Net fee and commission income
Fee income is the revenue taken in by financial institutions from account-related charges to customers. Charges that generate fee income include non-sufficient funds fees, overdraft charges, late fees, over-the-limit fees, wire transfer fees, monthly service charges, account research fees and more.
Operating Profit (EBIT) EBIT is an abbreviation for earnings before interest and tax.
Profitability Ratios
Earnings per Share (EPS)
Earnings per share (EPS) is the amount of earnings per outstanding share of a Group’s/Company’s share capital.

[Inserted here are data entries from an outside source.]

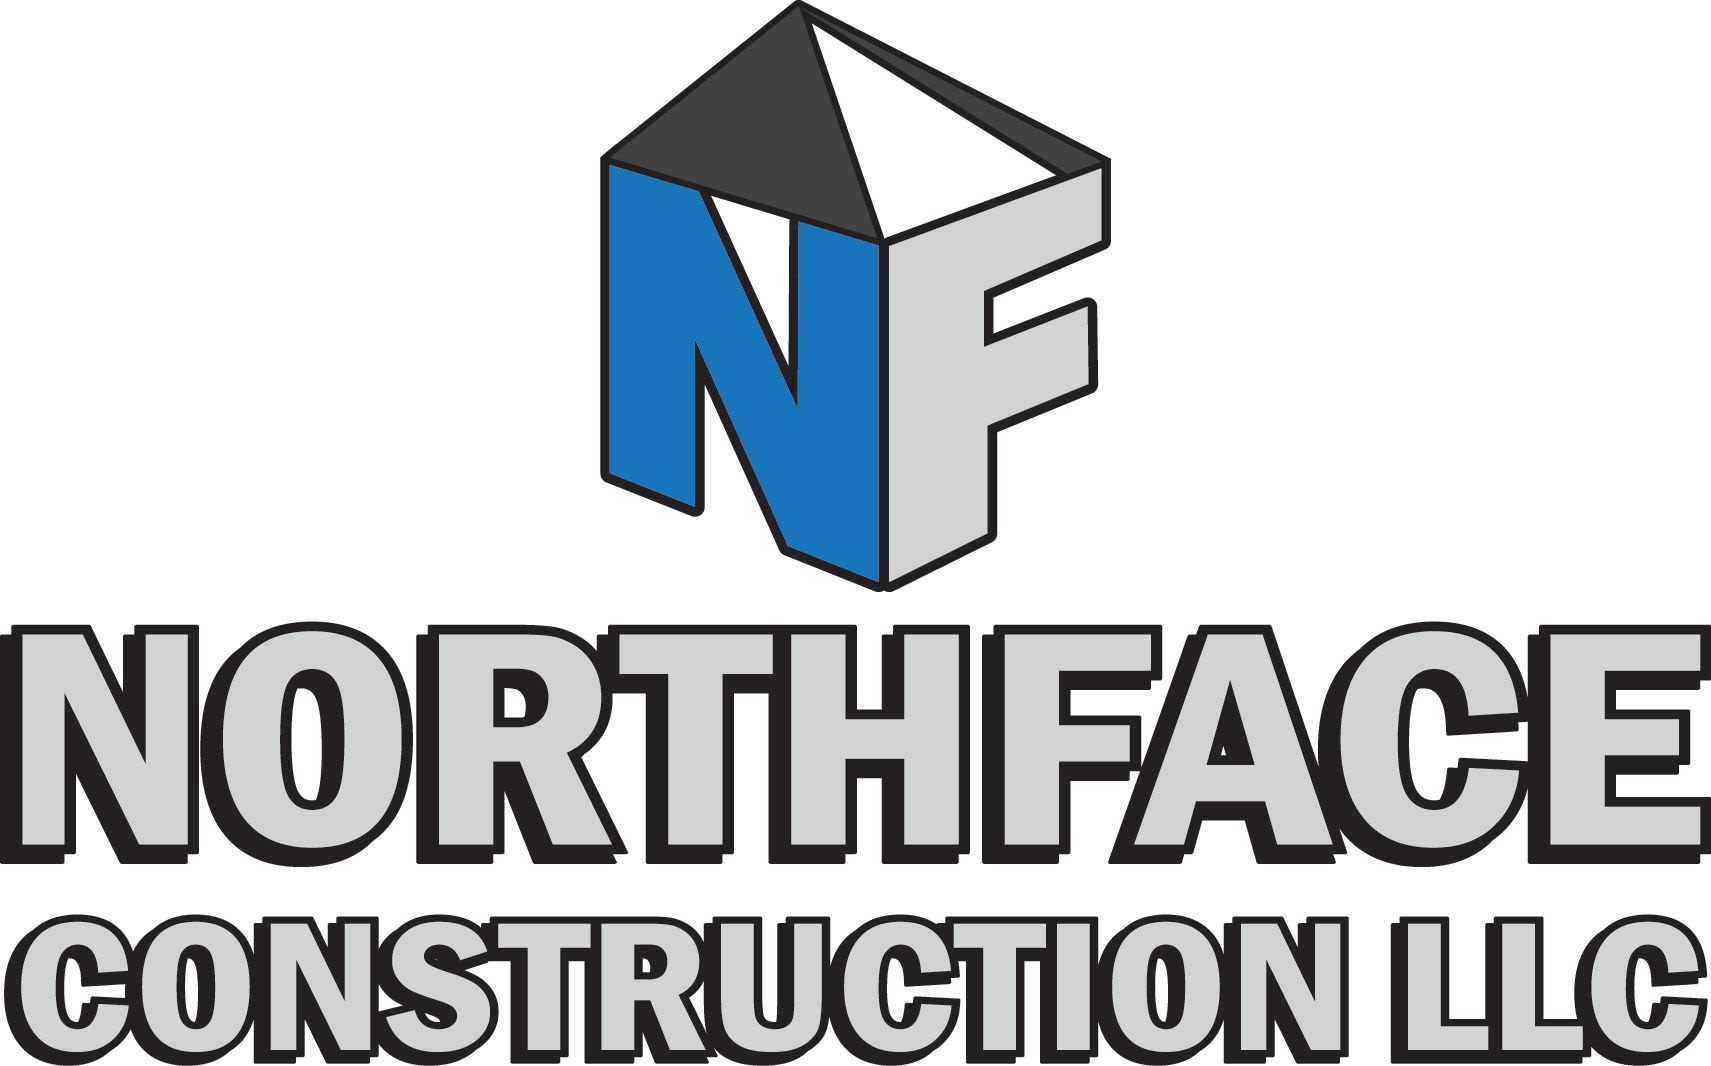 Northface Construction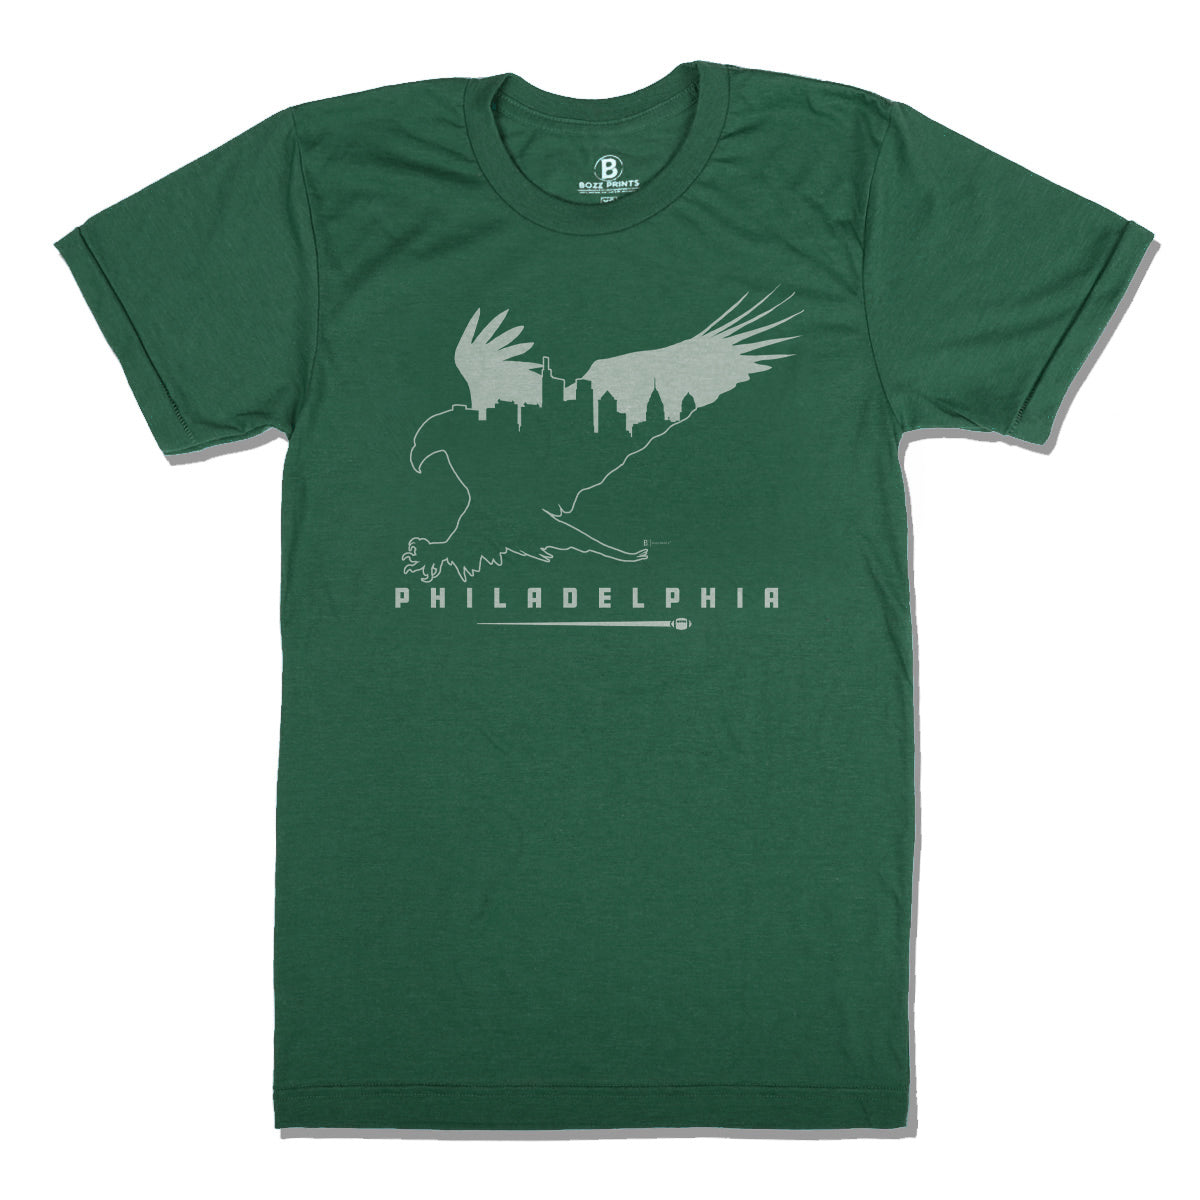 Philadelphia Football T-Shirt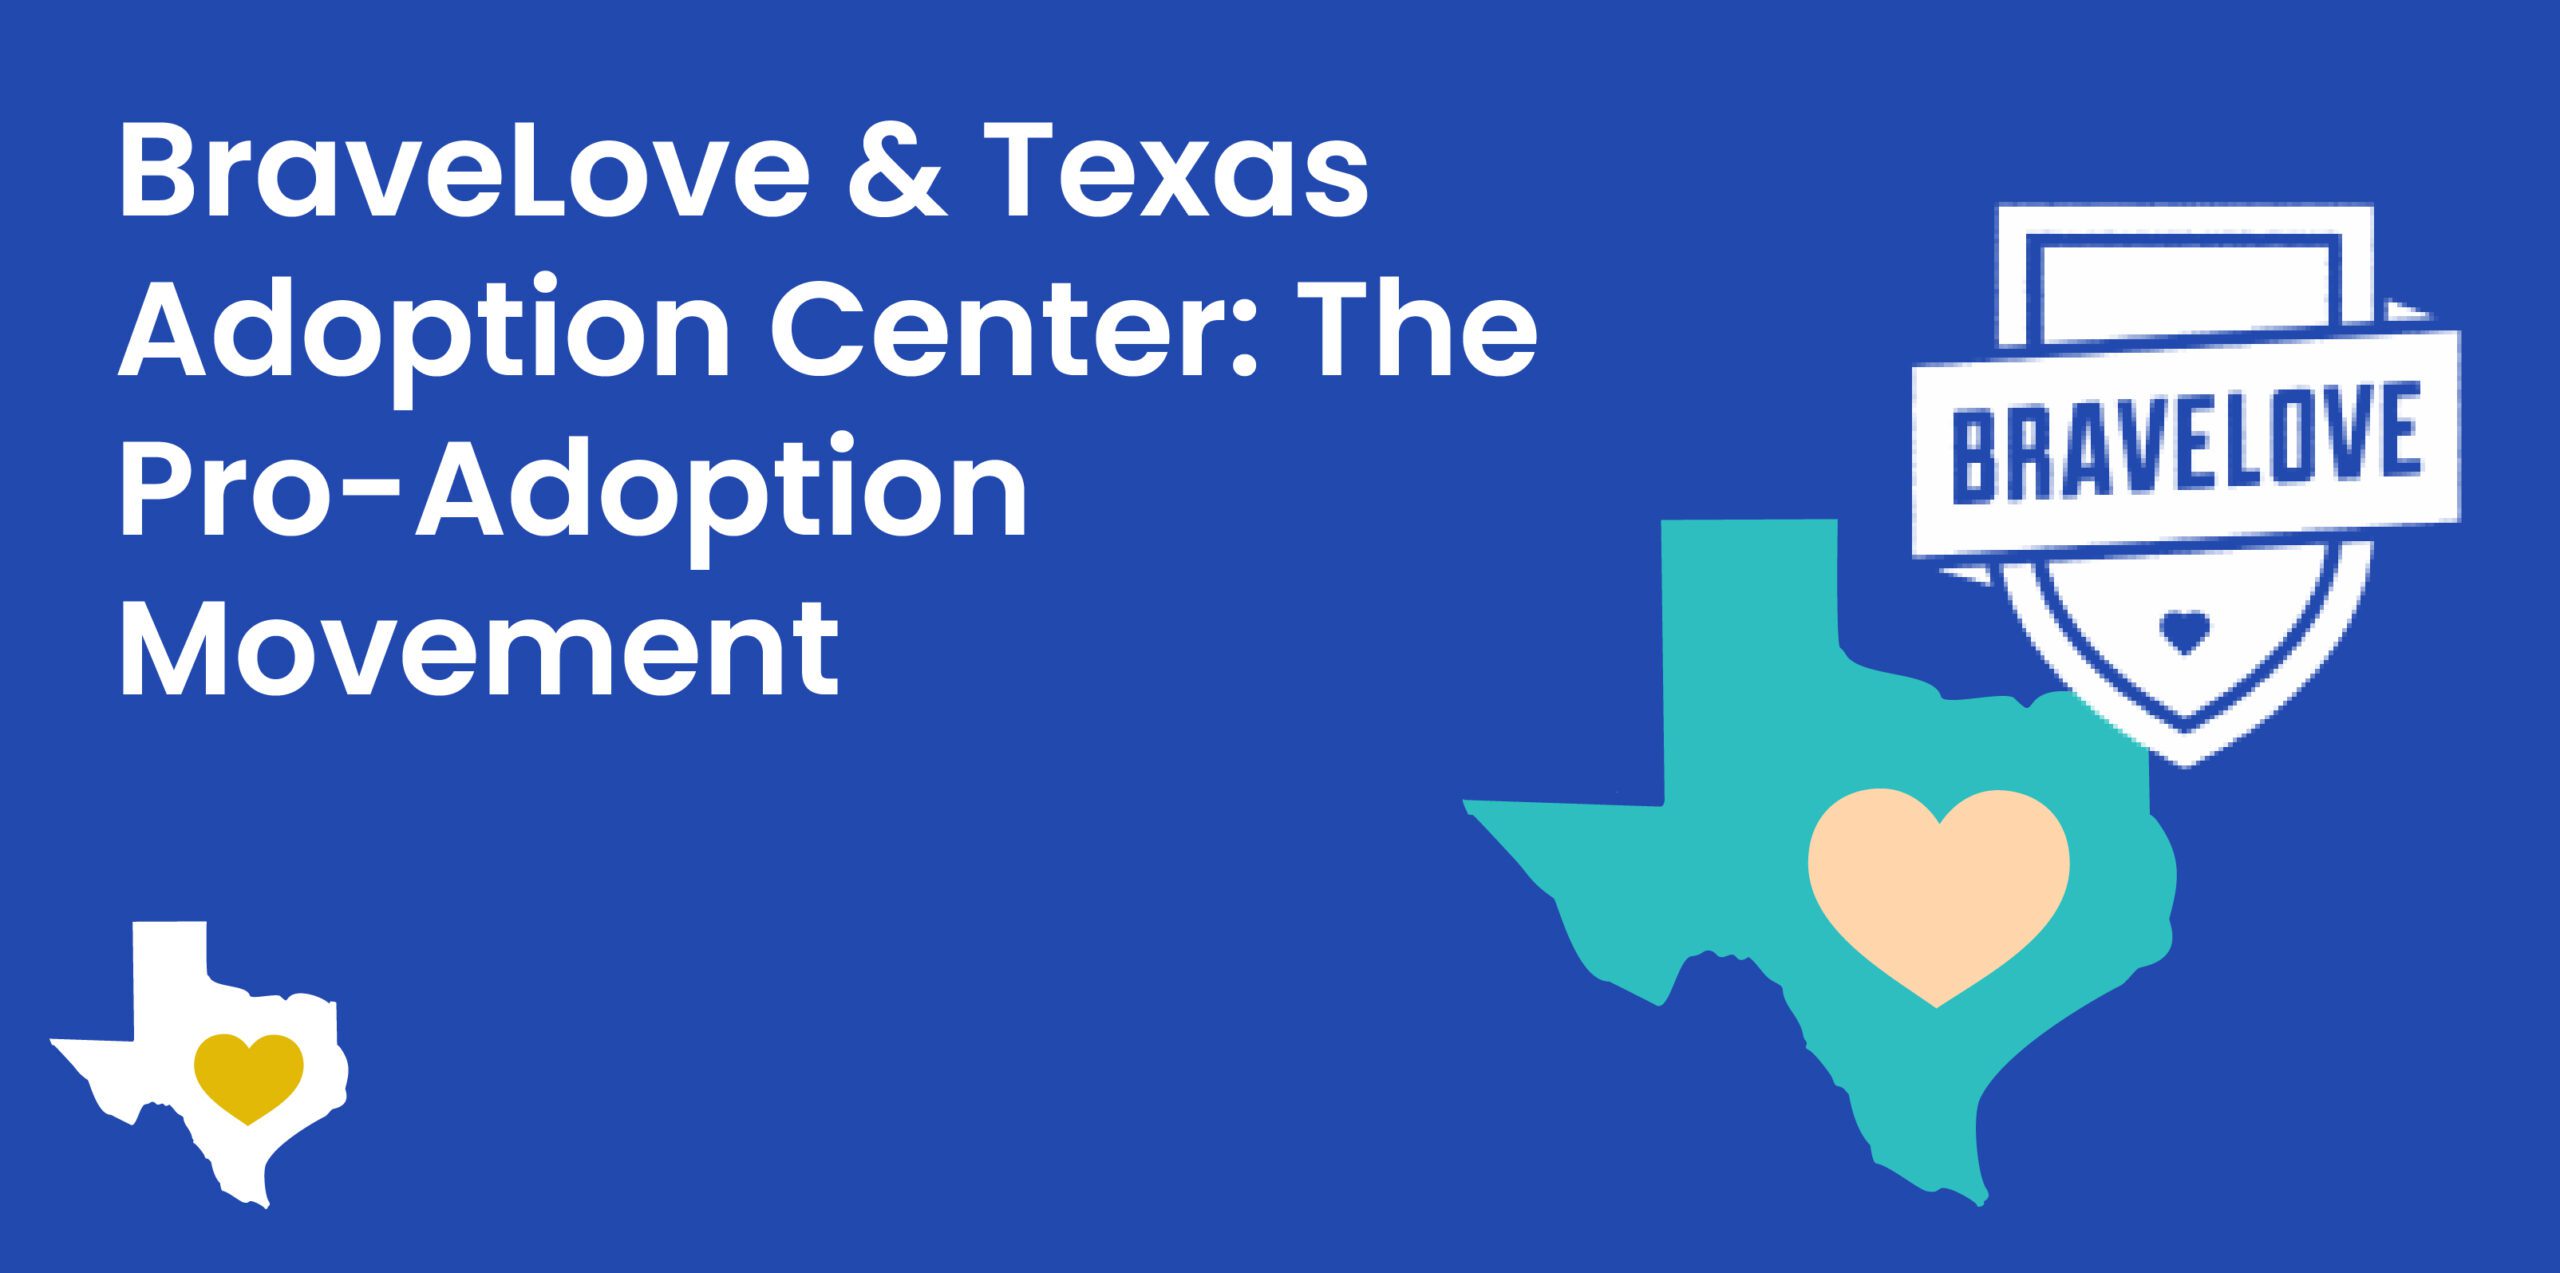 BraveLove & Texas Adoption Center: The Pro-Adoption Movement

It is computed by dividing net income by total shares outstanding as at statement of financial position date.
Growth in EPS (YoY) This represents the growth in Earnings per Share (EPS) when compared with previous financial year.
Dividends Ratios
Dividend Pay-out ratio The proportion of earnings that a company generates which are distributed via dividends to shareholders.
Financial Strength Ratios
CET 1 Ratio
Common Equity Tier 1 (CET1) consists mostly of common stock held by a bank or other financial institution. CET1 ratio is a measure of a bank’s capital against its assets. Because not all assets have the same risk, the assets acquired by a bank are weighted based on the credit risk and market risk that each asset presents. t is expected that all banks should meet the minimum required CET1 ratio of 4.50% by 2019.